I hope I have a clear enough understanding of what your problem is. If I'm off-track let me know, otherwise the following should be of some help to you.
Just to be clear: I will consider all of the below under the context of genealogy.
A tree is simply a branching structure. In genealogy, you could consider the latest child as the root and create a tree that describes the ancestry of this person. Yes, the latest child is the root, not the oldest known ancestor. This is quite counter-intuitive and probably not really what you want anyways.
Now, once you have more complicated family issues, like a man having children with two different women, you'll run into problems with trees. If you have a separate tree for each child, then the father needs to be duplicated to be able to occur in each of these trees. Unpractical to say the least.
As Neil mentioned in his comment above, it is time to switch to a graph model. Most important for this is to clear up a typical confusion: The general populace speaks of something called a "Family genealogy tree", but as a computer scientist you must realize that such a tree is no tree as per the definitions given in computer science (or biology for that matter). We have a very clear and concise mathematical definition of a tree data structure, and a "genealogy tree" does not match it.

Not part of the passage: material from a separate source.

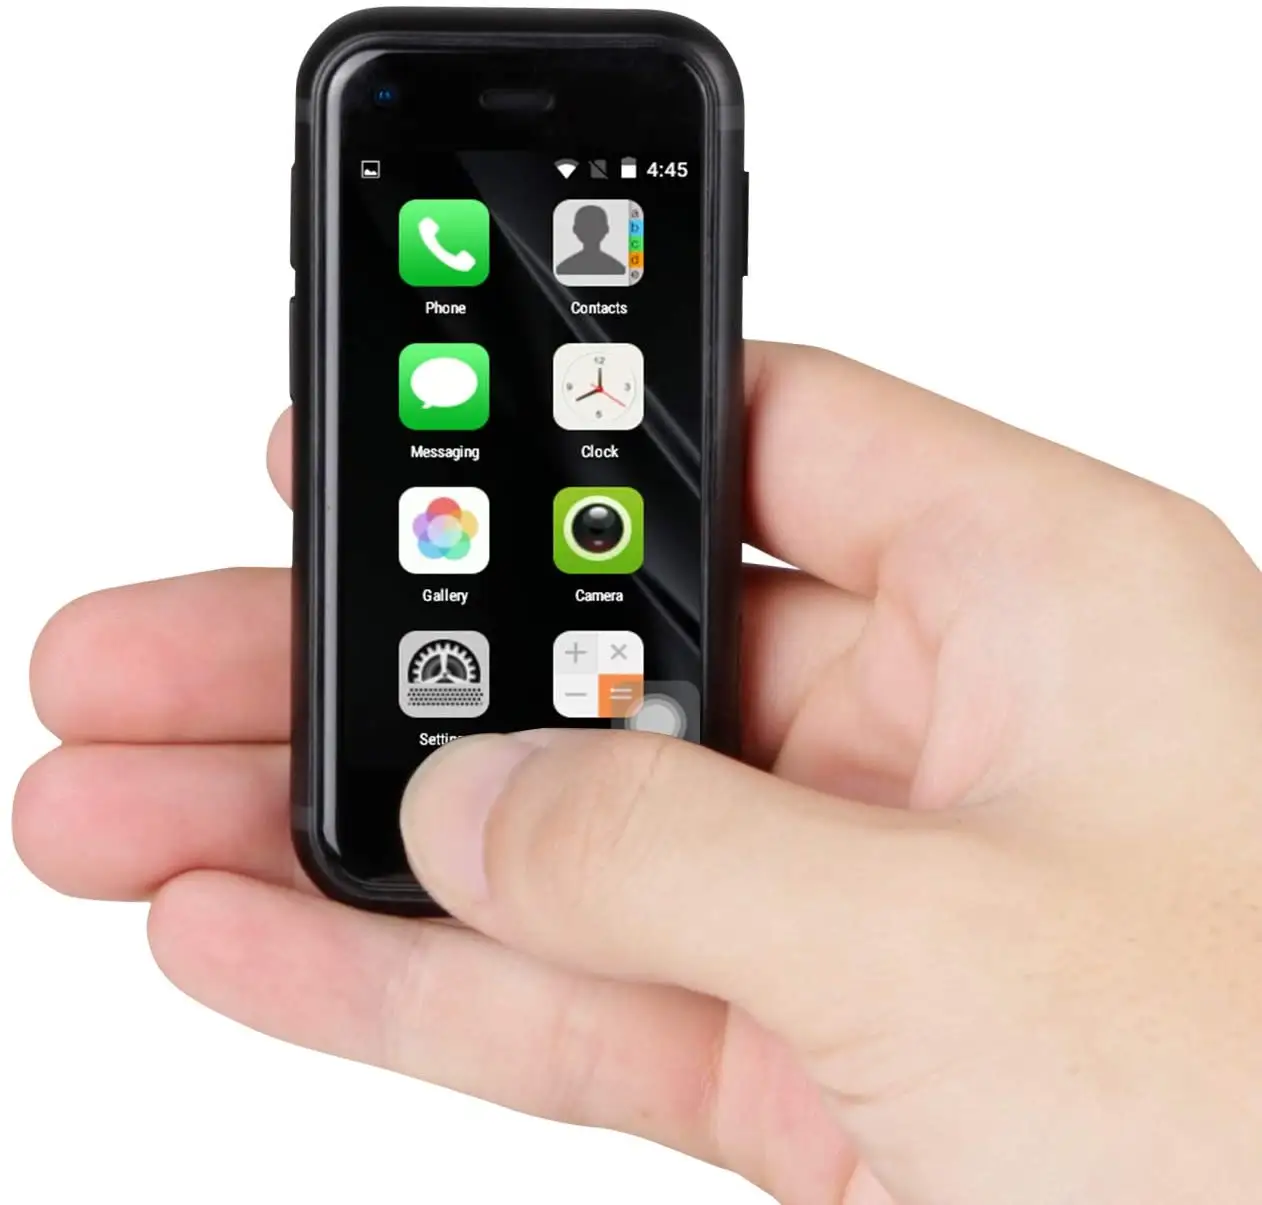 Mini Smartphone çocuk telefonu SOYES XS11 küçük cep telefonu 2.5 inç Android küçük telefon Quad Core 1G + 8G

Why is that? Simply because in computer science trees, the different branches are not able to grow back together. With families, this is possible. Quite drastically, you could have the case of a father with two childrens, which again spawn an off-spring. Moral implications aside, this results in a diamond-like view, which is not representable in a tree.
Enter the world of graphs: A graph is just a generic term of things that are connected to each other. Hence, every computer science tree is also a graph. A very special and restricted one of course. In a graph, there is no root anymore, but there are nodes with similar properties (called sources). There are also no leaves anymore, but again nodes with similar properties (called sinks).
In terms of genealogy you can limit the result graph by making it a DAG, a directed acyclic graph. It is directed, because between two nodes, you can declare one as the parent side, one as the child side. For example, you could always point from parent to child (that's one direction, the other is feasible too). If you want to be able to traverse this structure in both directions, you may even consider an undirected variant.
Acyclicity simply means, that there are no circles in your data structure. It is pretty clear that this applies to genealogy (unless you want to count in time traveling and the implied option of becoming your own father or mother). In a DAG, you can have any number of nodes and connections between them. You can however add arbitrary limitations. For example, if all connections go from parent to child, then each child node could be restricted to have a maximum fan-in of 2. That's just graph theory lingo for saying that a person cannot have more than two parents.
Hence, I suggest to take a close look at directed acyclic graphs and the underlying graph theory in general. Also note that it'll pay off. If you want to do software development you should know about graphs. They are one of the most general data structures and apply to almost everything. They are not always the best choice of course, but they will be one of the most powerful things in your arsenal.